NJBIA Statement on Law Mandating Retainment of Service Workers, Removing Employers’ Right to Make Operational Decisions

NJBIA Statement on Law Mandating Retainment of Service Workers, Removing Employers’ Right to Make Operational Decisions

 

 

 

NJBIA President and CEO Michele Siekerka issued the following statement regarding a bill signed into law today by Gov. Phil Murphy that mandates worker retention after a change of ownership – or even after a minor service contract vendor change – effectively removing an employer’s right to make their own operational decisions. 

Bill S-2389 (Singleton, Zwicker)/A-4682 (Schaer, Timberlake, Danielsen) requires a vast range of full- and part-time service employees to be retained for 60 days whenever a business changes ownership of service contracts. 

“This law unfortunately imposes the most far-reaching iteration of employee retention mandates to date in New Jersey and unfortunately could result in significant health and safety implications for our residents, employees and employers.”

“To put the situational impacts in layman’s terms, if Company A contracts with ABC Cleaning Service to clean their facility and ends that contract to hire XYZ Cleaning Service instead, the XYZ Cleaning Service will be mandated to assume ABC Cleaning Service’s employees for 60 days.

“As evident by this example, successor employers will  be mandated to hire another vendor’s employees regardless of whether the original vendor had other work assignments for those employees, if the successor employer had their own employees to bring on to the job whose employment status may now be at risk, or if the covered location contracting for service work was dissatisfied with the job being done by the previous vendor’s employees.

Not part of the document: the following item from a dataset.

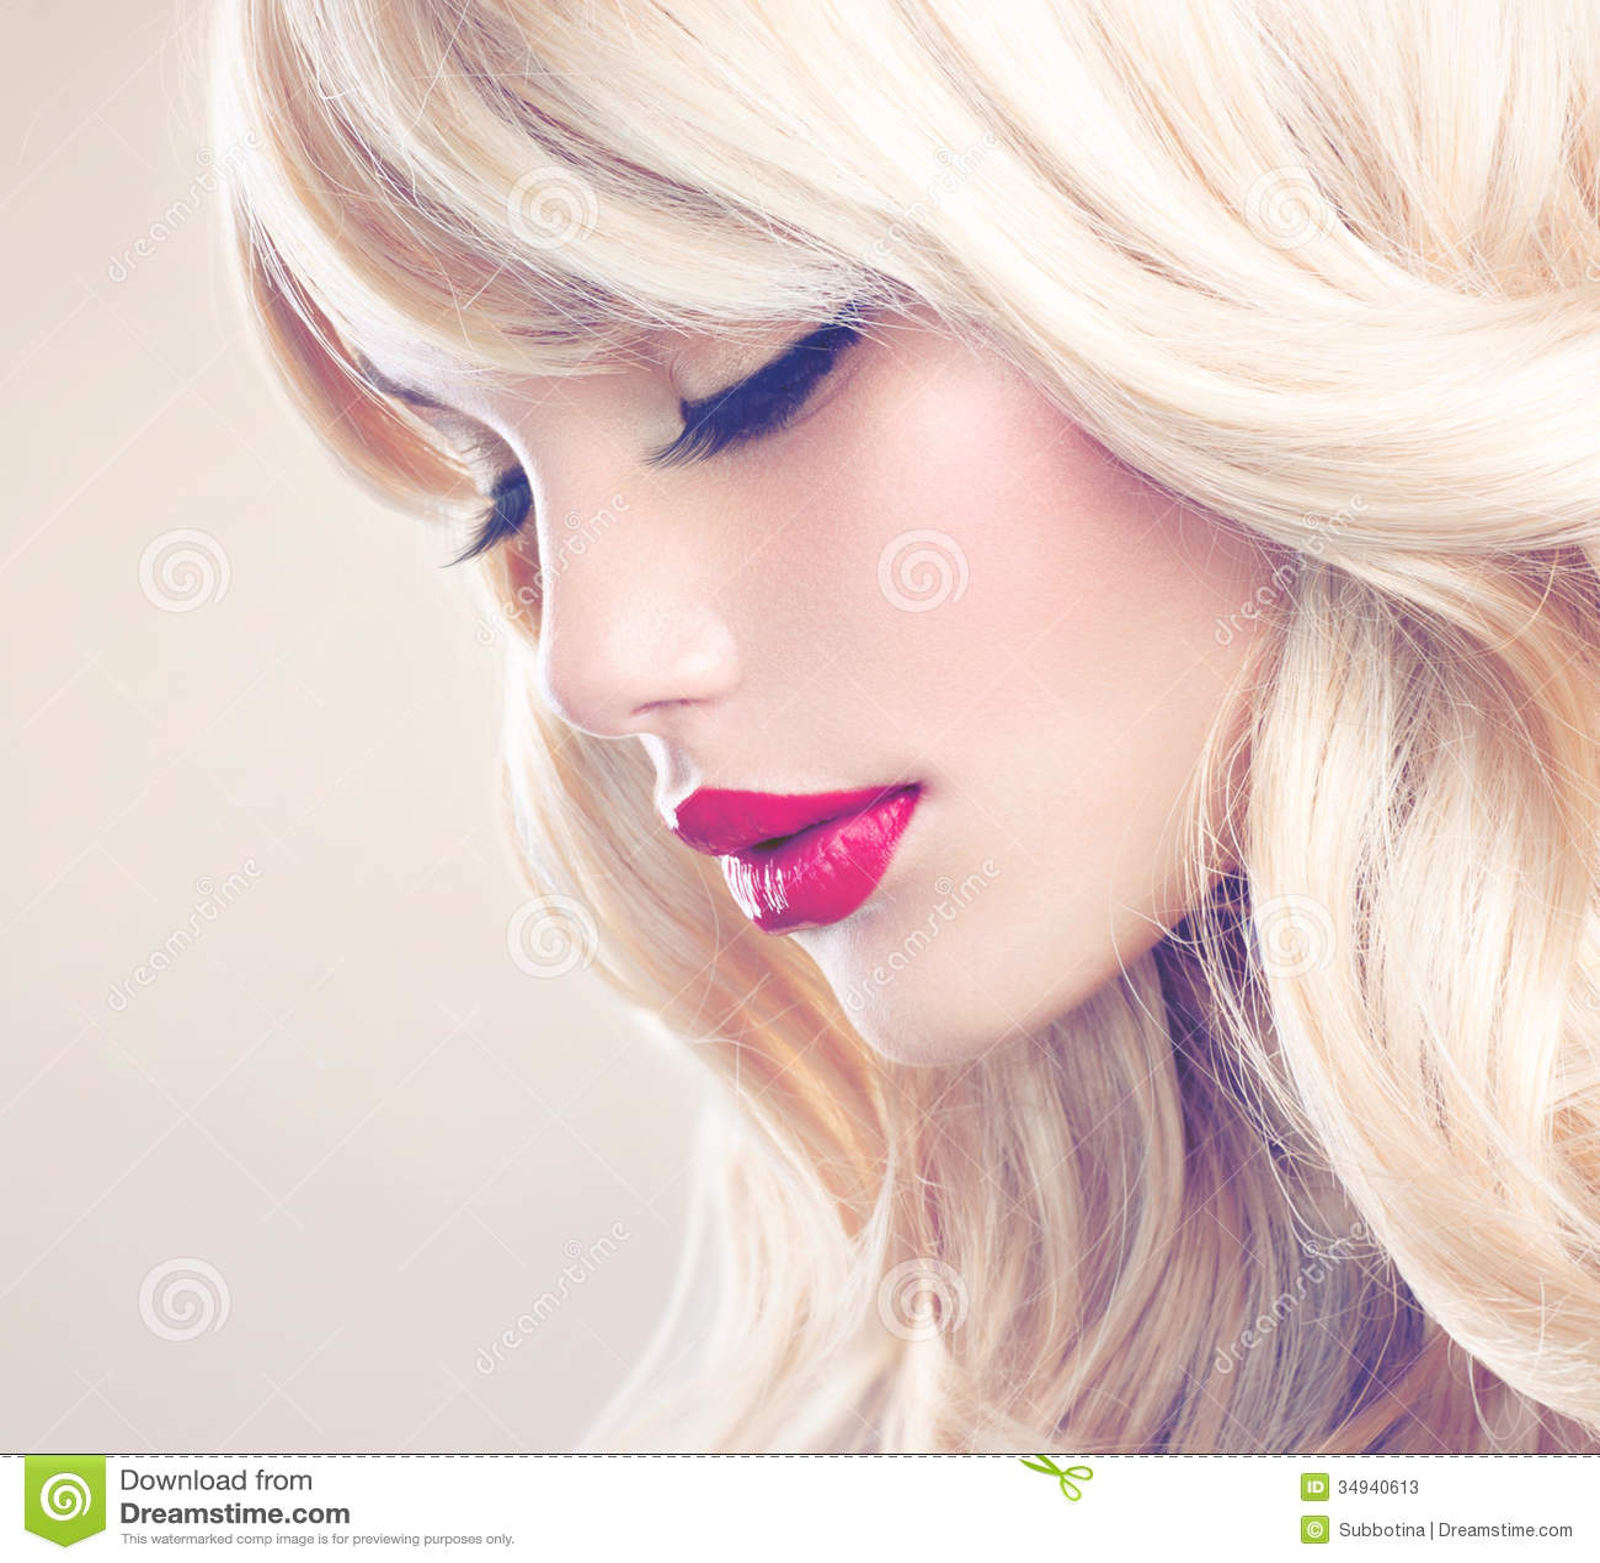 DesBellesFillescom : les plus belles filles au monde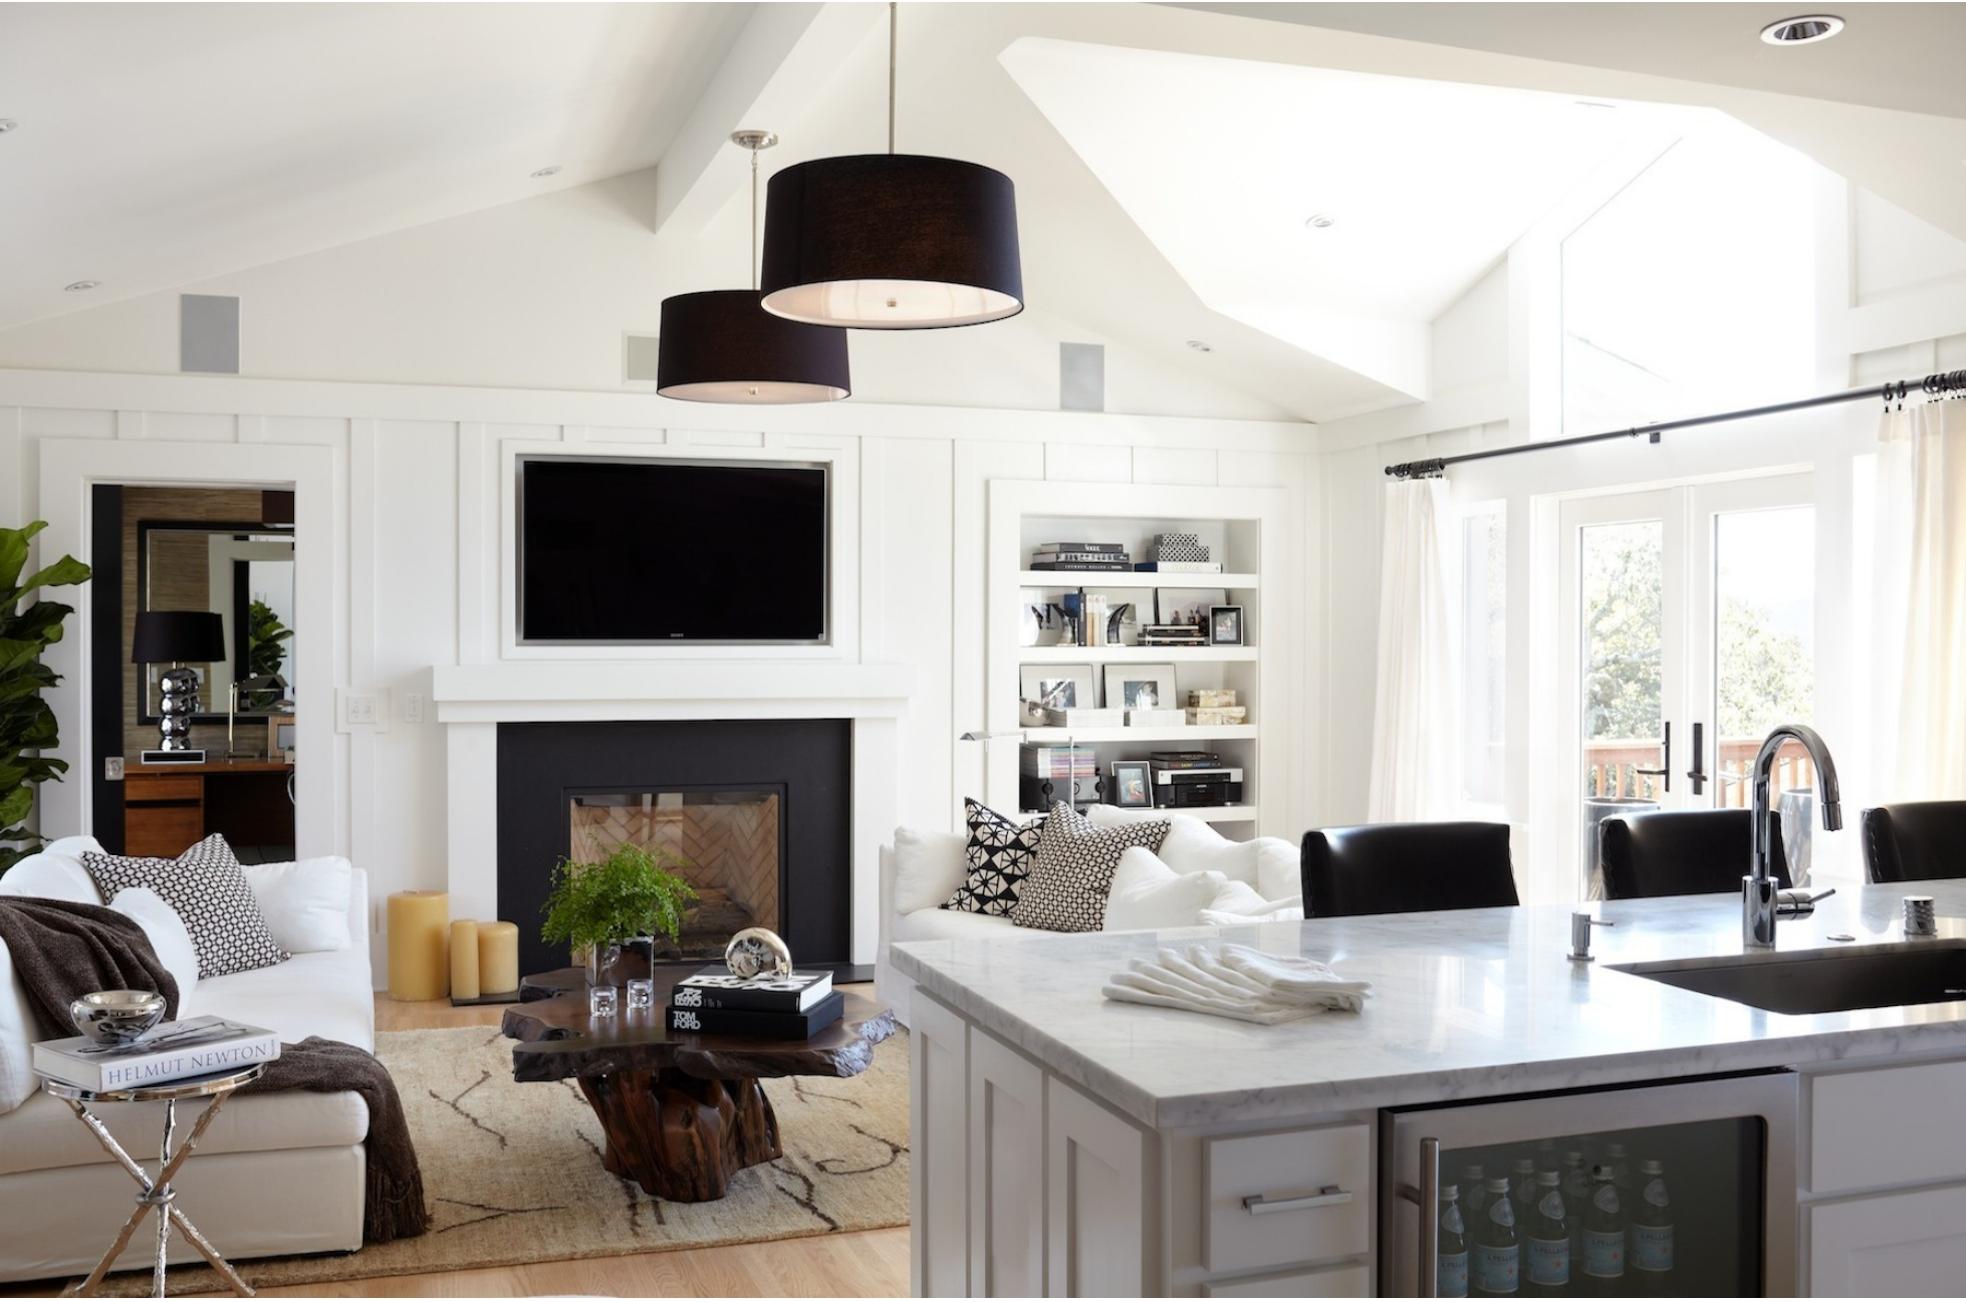 vaulted ceiling white drum shade pendants neutrals

“This new law will make it impractical and overly burdensome for an employer to change service contracts, stifling competition, efficiency as well as consumer health and safety.

“We believe our businesses deserve the freedom to make operational decisions for the betterment, and sometimes survival, of their business. This law effectively takes that right away. Our businesses deserve better than lawmakers dictating how they choose to run their operations.”